Ia terperangah saat mengetahui siapa yang sedang berdiri di depan pintu. Namun untuk memastikan pandangannya, Rivali menekan tombol suara. Terdengar nama Ilyana di sana.

****

Rivali memandang Ilyana yang berjalan dengan laki-laki berkacamata itu menuju pintu keluar kamarnya. Tak lama pintu itu kembali terbuka, Nampak perempuan itu menuju ke arahnya dengan mangkok di tangannya.

Ia melihat Ilyana merapihkan makanan, kaleng biscuit, dan apapun yang berada di kamarnya. Dirinya melihat perempuan itu keluar masuk dan berjalan ke sana sini. Peluh di tubuh itu terlihat nyata. Namun Rivali tidak dapat berbuat banyak. Terlebih sebuah jarum infusan kini berada di lengan kanannya.

Mual kembali mengoyaknya. Namun tidak seekstrim sebelumnya. Ini dikarena dokter memberikan cairan menetralisir lambung ke dalam infusannya. Di tutupnya mata dan ditariknya napas perlahan lalu dihembuskan kembali untuk menghalau apa yang dirasakannya.
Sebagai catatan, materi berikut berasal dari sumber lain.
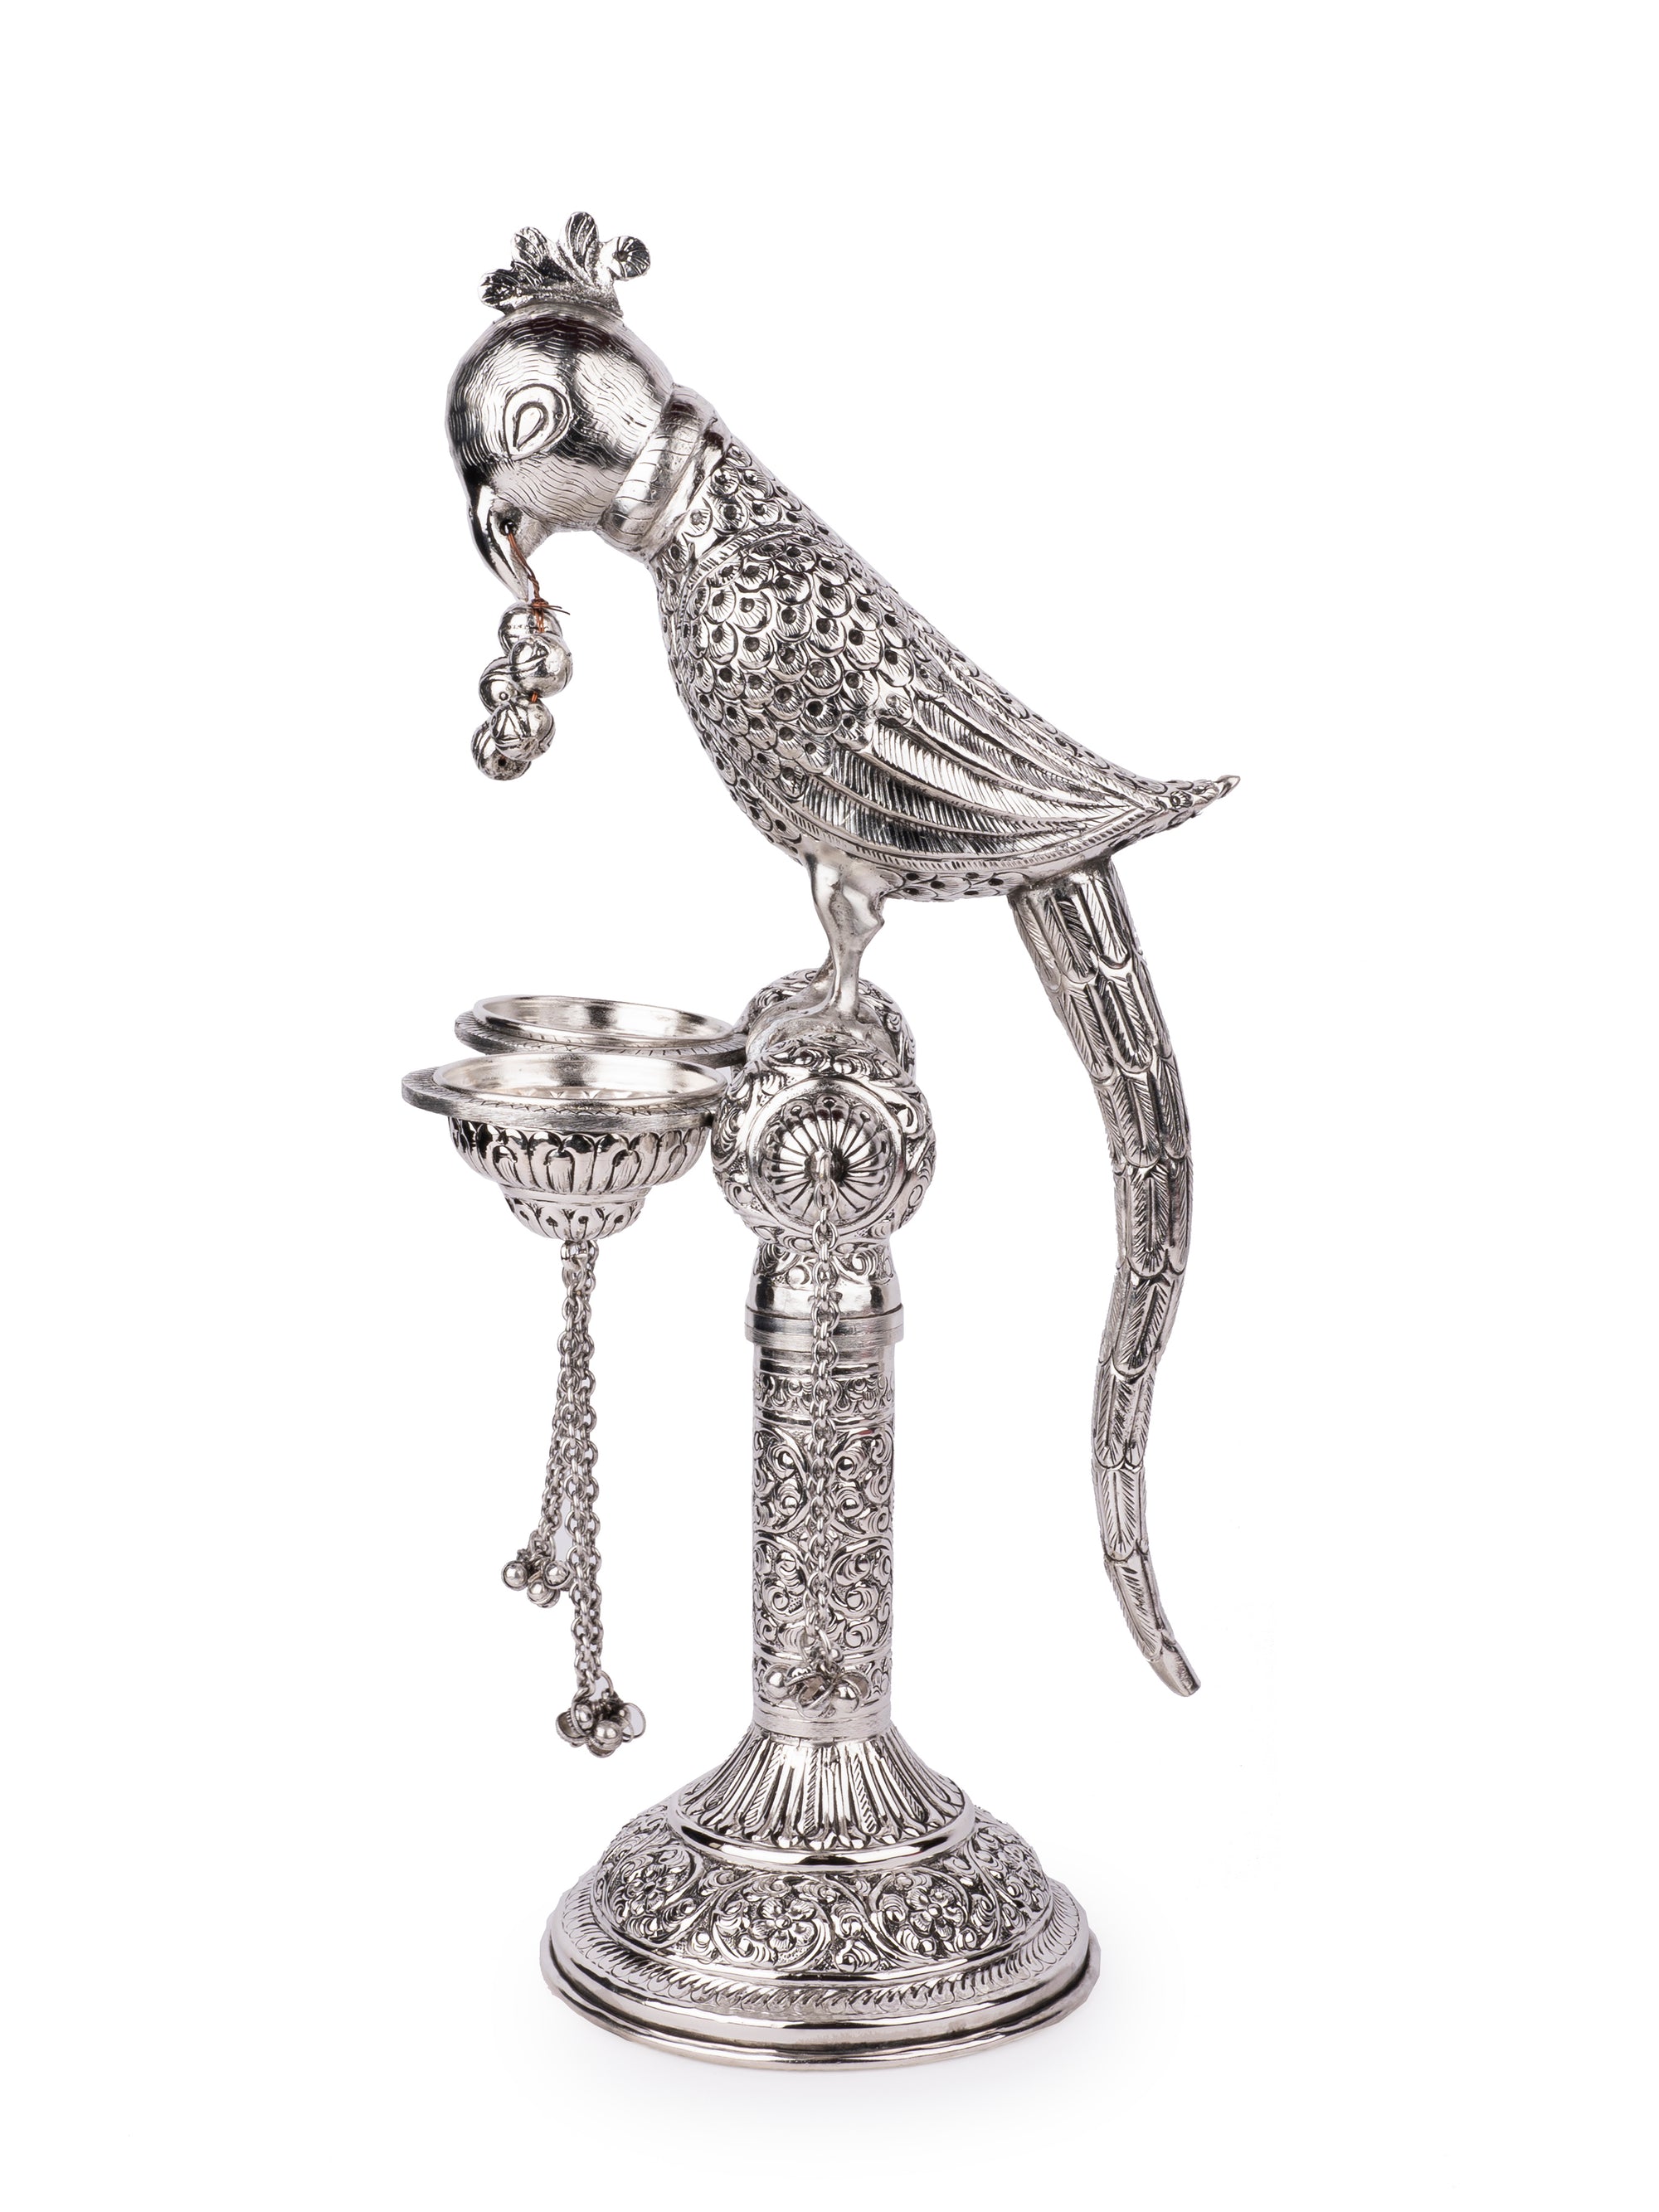 Metal Crafted Macaw Parrot on a Stand - Serve Ware - The Heritage Artifacts

Di saat itu, ia merasakan sesuatu yang lembut menyentuh keningnya. Rivali lantas membuka matanya. Terlihat Ilyana yang sedang serius menghapus keringat di wajahnya. Namun gerakan itu terhenti saat mata hazel Ilyana bertemu dengannya.

"Biar saya bantu."

Rivali mengangguk. Ia melihat Ilyana menahan punggungnya dan menempatkan beberapa bantal di belakang kepalanya. Setelah itu ia melihat perempuan itu menarik kursi di sudut ruang dan meletakkan di tepi ranjang.
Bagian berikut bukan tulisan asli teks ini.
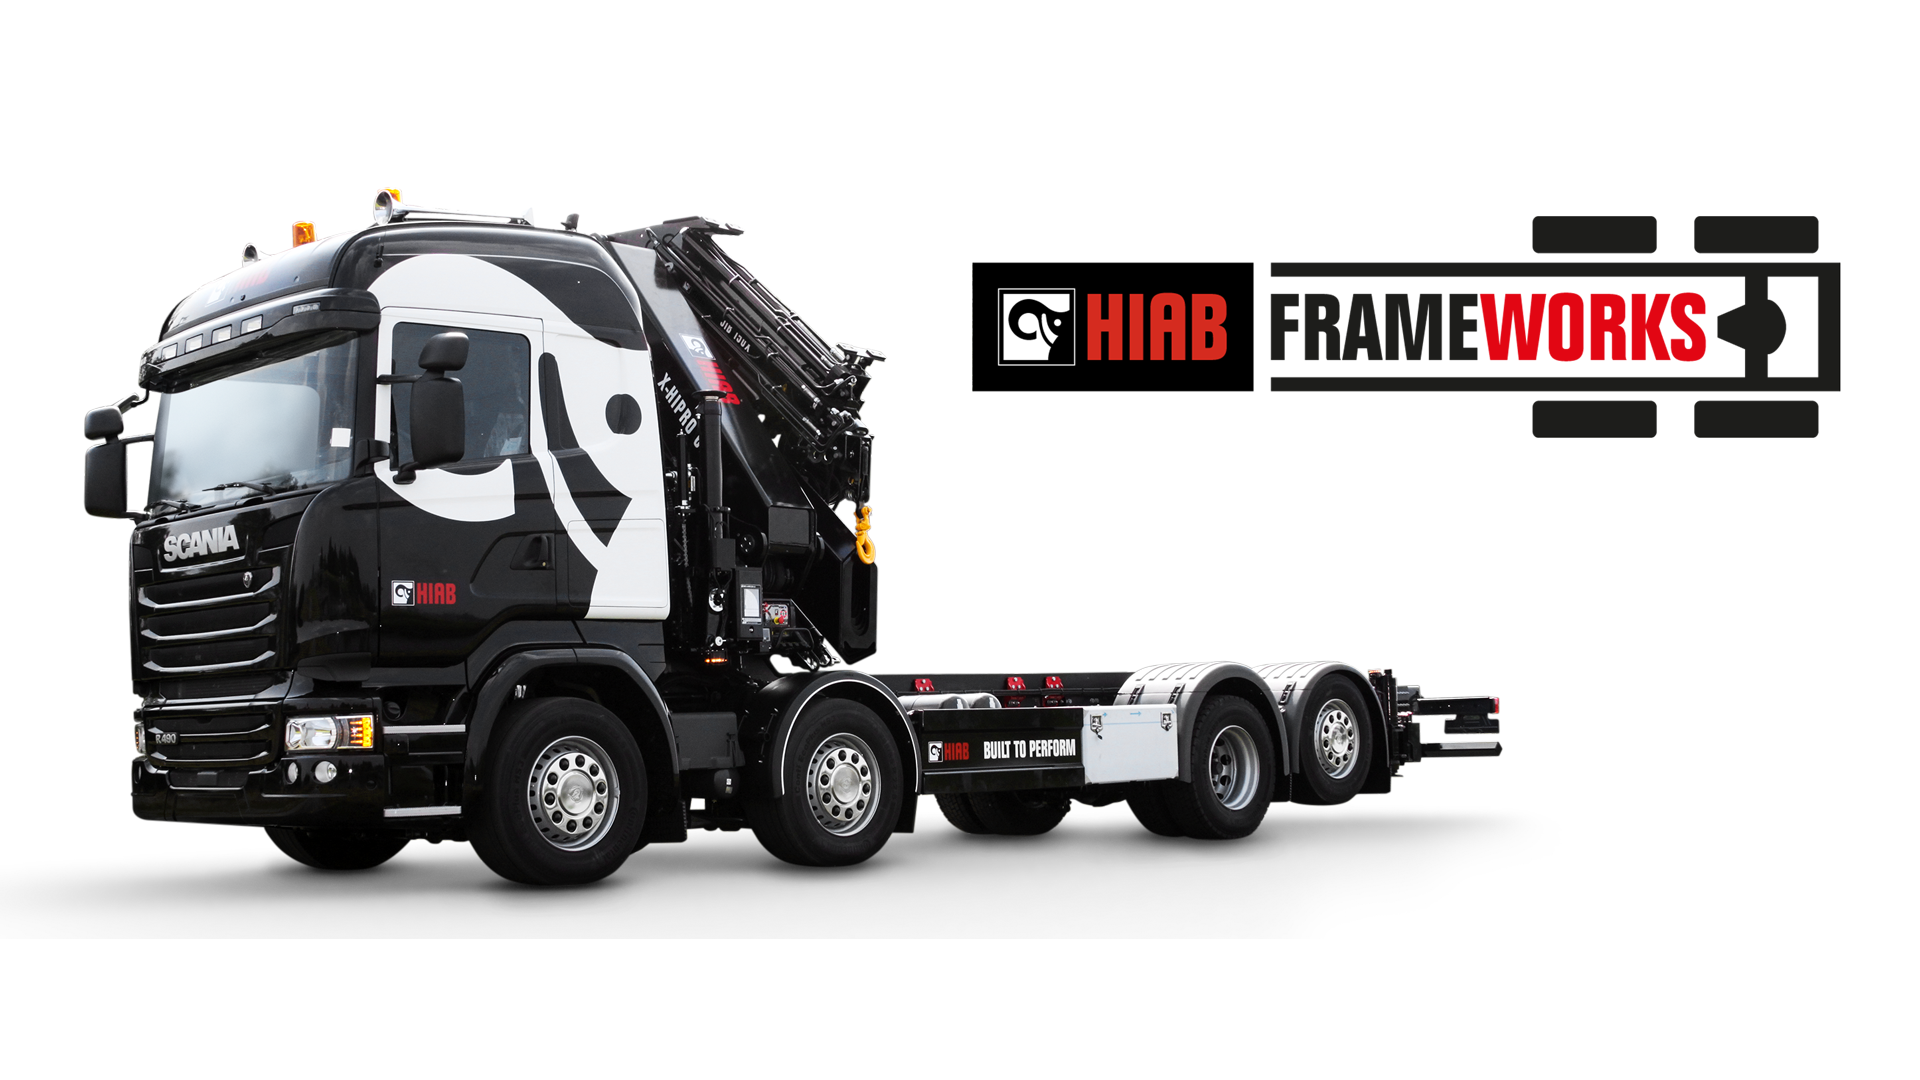 Loader Cranes with Superior Performance | Products | Hiab

"Sekarang buka mulutnya?" ujar Ilyana.

"Nanti saja... biar saya nanti makan sendiri."

Dirinya menolak halus karena tidak ingin memuntahkan bubur yang sudah dibuat Ilyana.

"Perut Kamu harus tetap diisi. Walaupun tidak enak." Ucapan Ilyana terdengar kembali.

"Tapi.... "

"Dimuntahkan? Ga pa pa... nanti makan lagi. Dokter mendiagnosis Kamu kena Typus dan sedikit bermasalah pada lambung. Jika dibiarkan akan tambah parah."

Rivali akhirnya setuju. Memang perkataan Ilyana ada benarnya.

Mulutnya dibuka saat Iyana menyuapi bubur. Tidak sampai hitungan menit, makanan itu keluar lagi. Rivali melihat dengan cepat tangan Ilyana yang berisikan tissue berada di depan mulutnya. Ia pun meminta maaf kepadanya.

"Kita coba lagi."

Ia melihat tangan Ilyana mengarah ke mulutnya dengan satu sendok bubur. Dan Rivali tidak dapat menahannya kembali. Hingga makanan itu meluncur keluar mulutnya. Sekali lagi, tangan Ilyana seolah-oleh sudah memprediksinya.

Namun Rivali melihat Ilyana kembali melakukan itu. Meskipun berkali-kali Rivali memuntahkan makanannya. Hingga benar-benar 'Habis' bubur di mangkoknya.